### EXERCISE DETAILS
Only the pictures are to be dropped; the rest of the data below is to be duplicated exactly.

### DATA EXCERPT
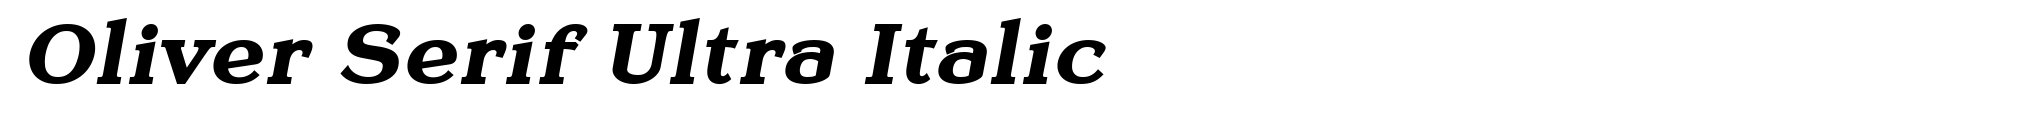 Oliver Serif Ultra Italic image
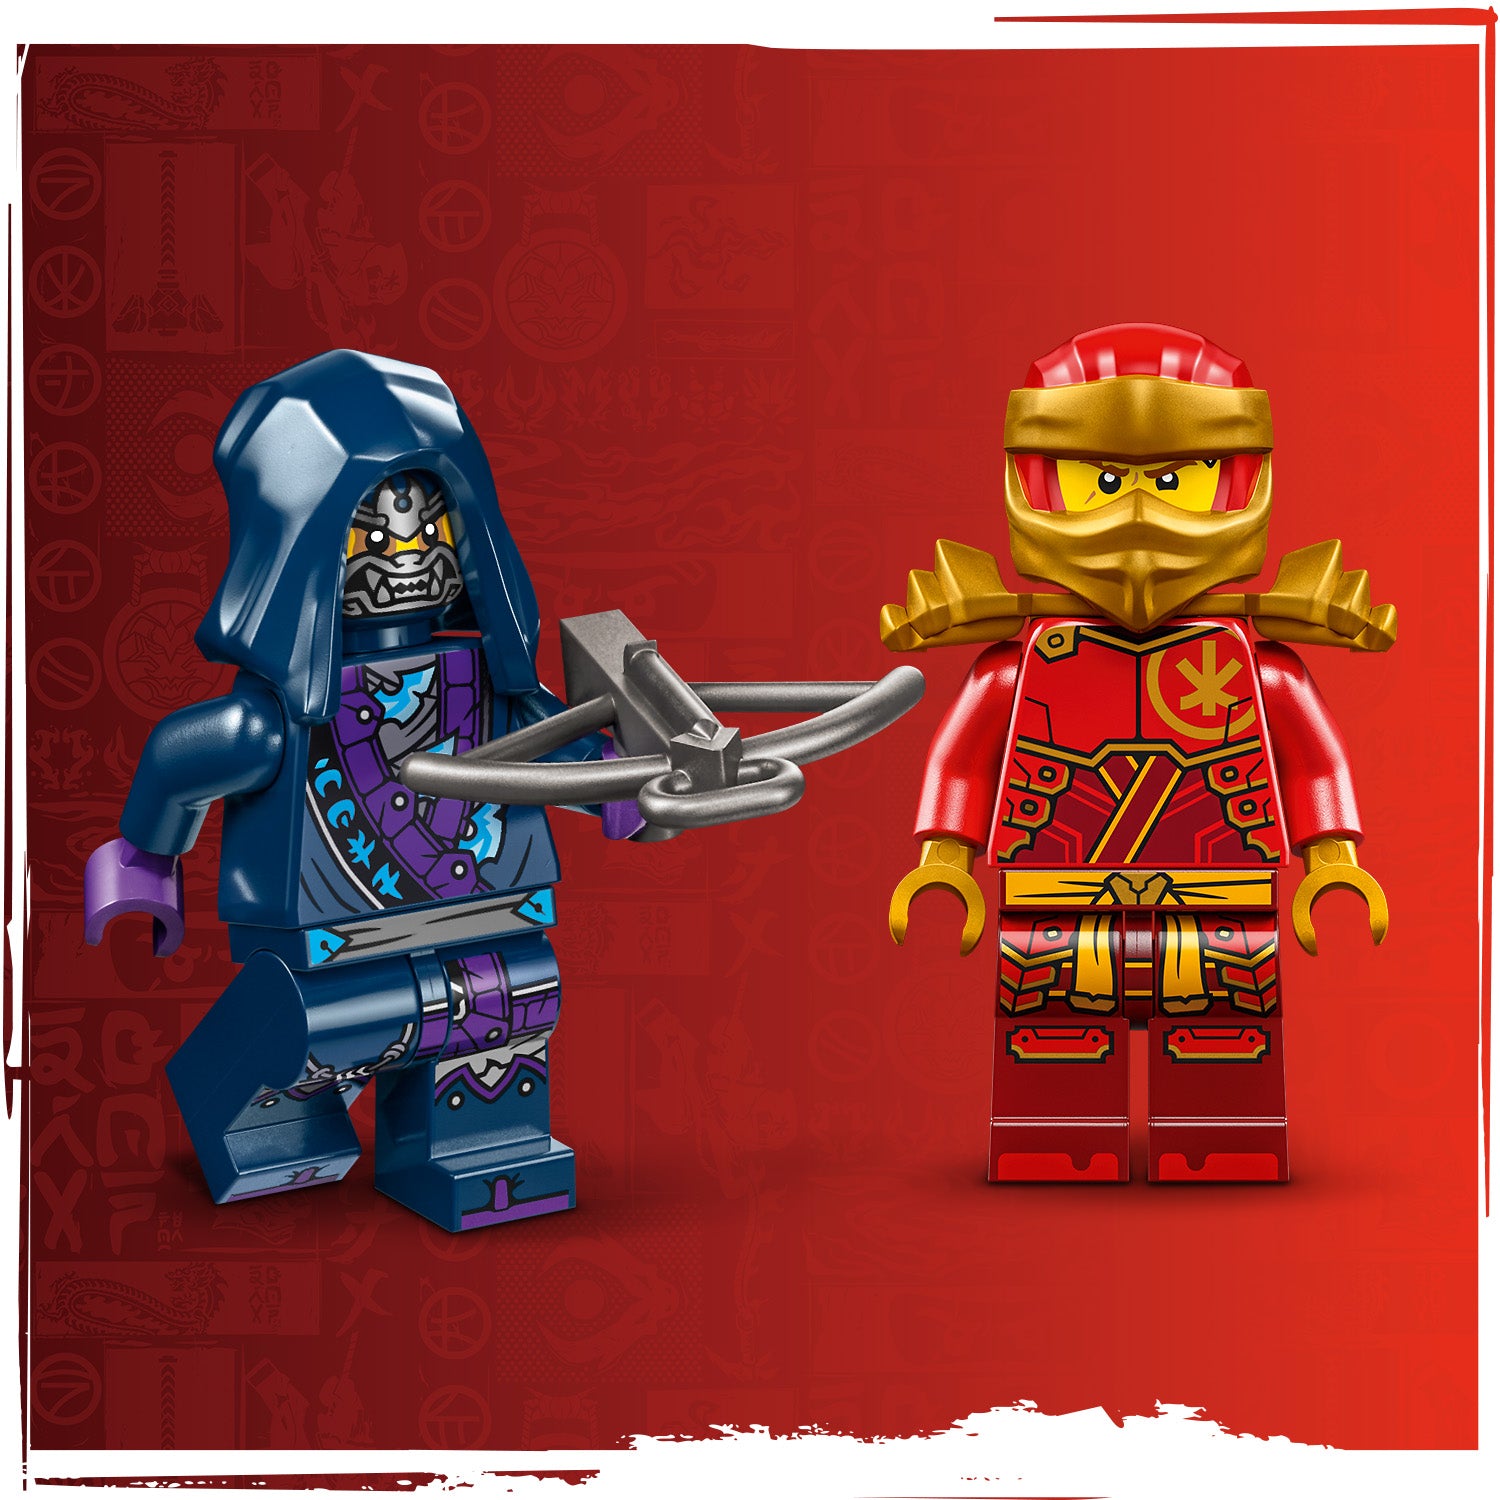 Lego 71801 Kais Rising Dragon Strike
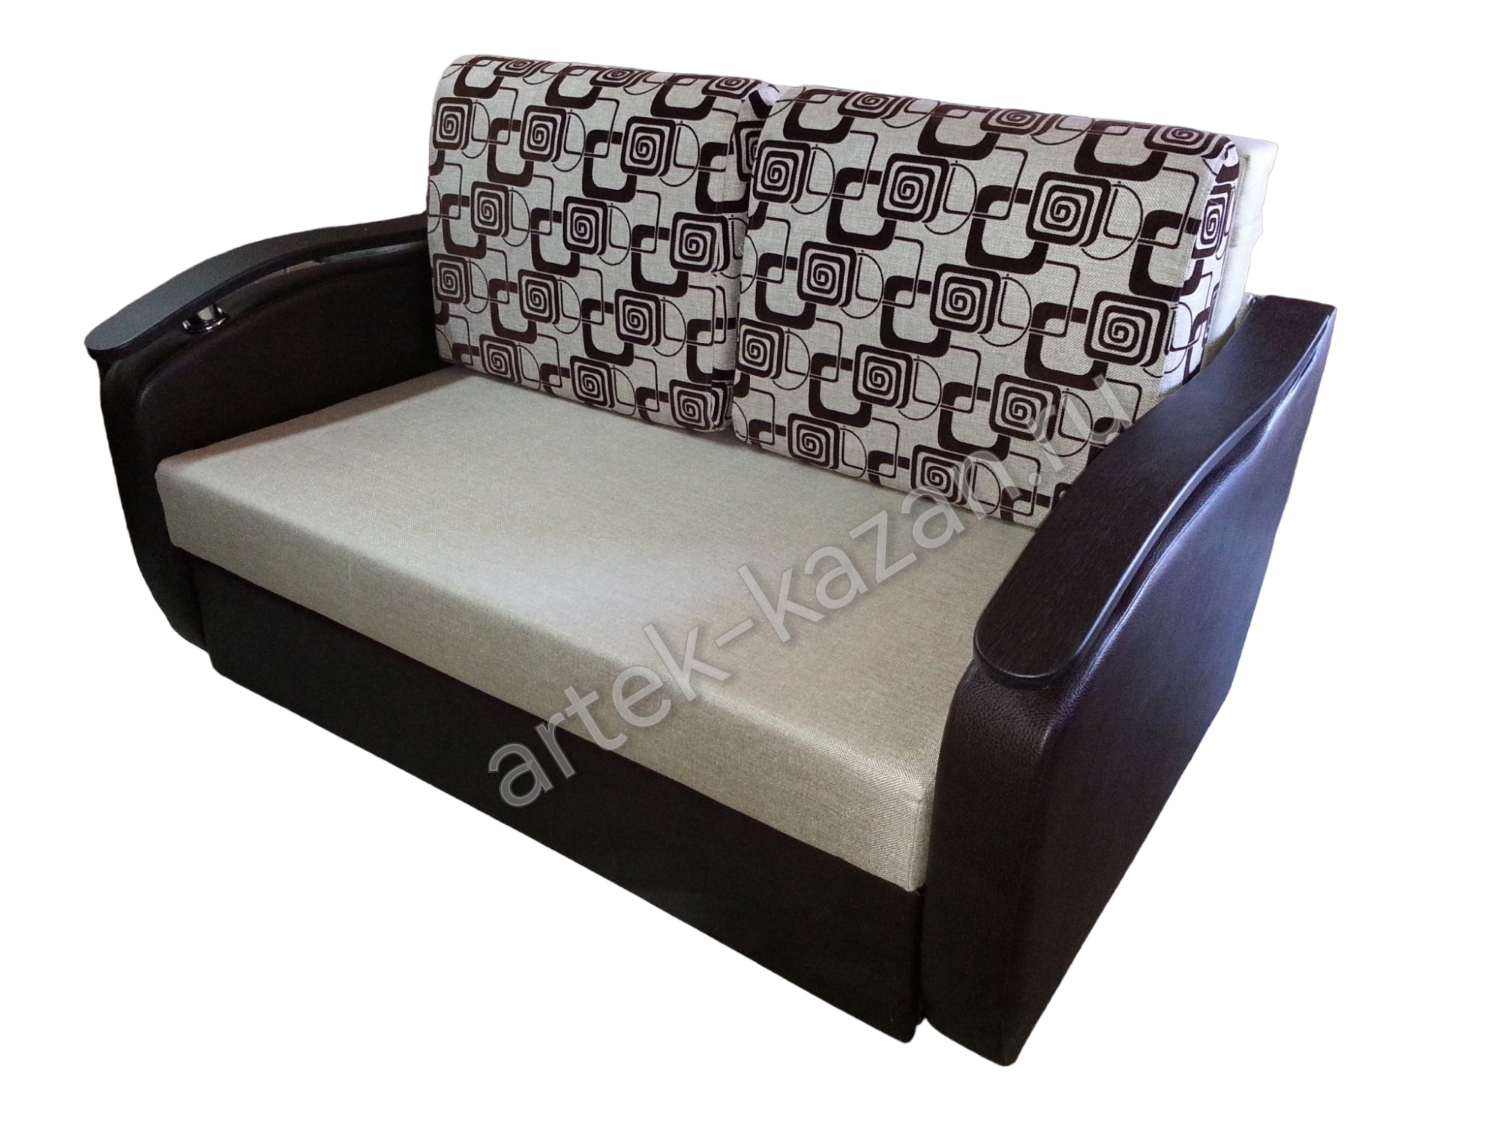 Мини диван на выкатном механизме Миник фото № 9. Купить недорогой диван по низкой цене от производителя можно у нас.
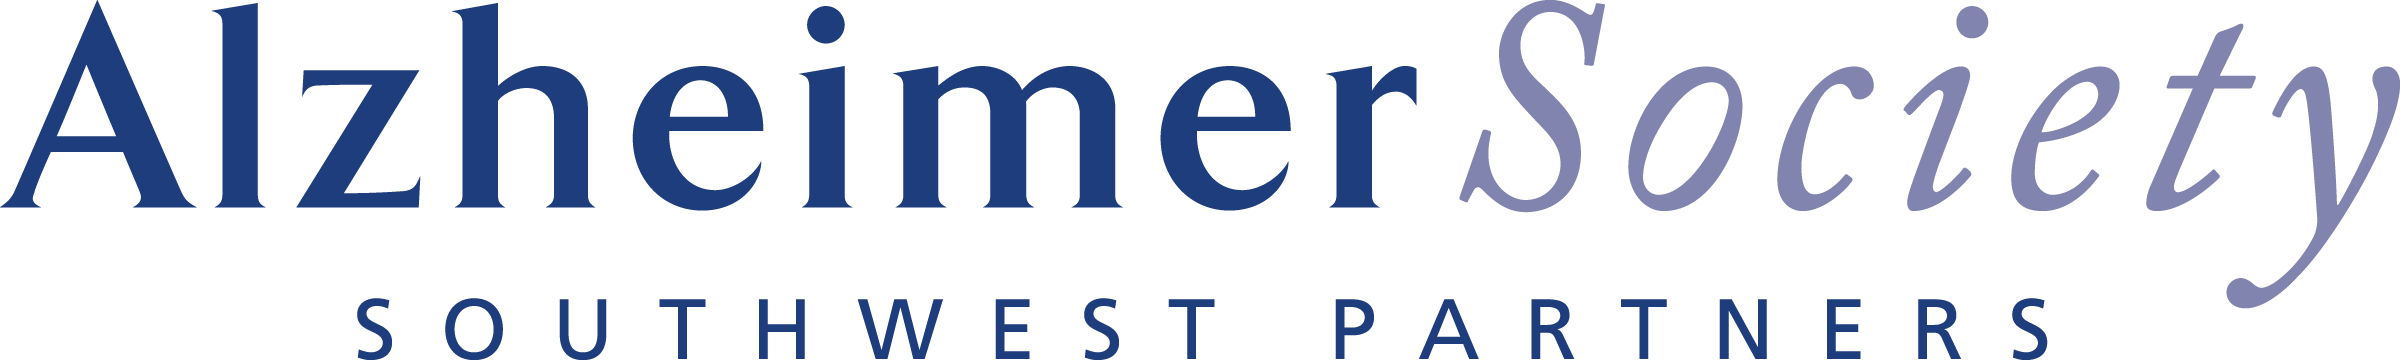  Alzheimer Society Southwest Partners  logo

### ANSWER SECTION
 Oliver Serif Ultra Italic image
 Lego 71801 Kais Rising Dragon Strike
 Мини диван на выкатном механизме Миник фото № 9. Купить недорогой диван по низкой цене от производителя можно у нас.
  Alzheimer Society Southwest Partners  logo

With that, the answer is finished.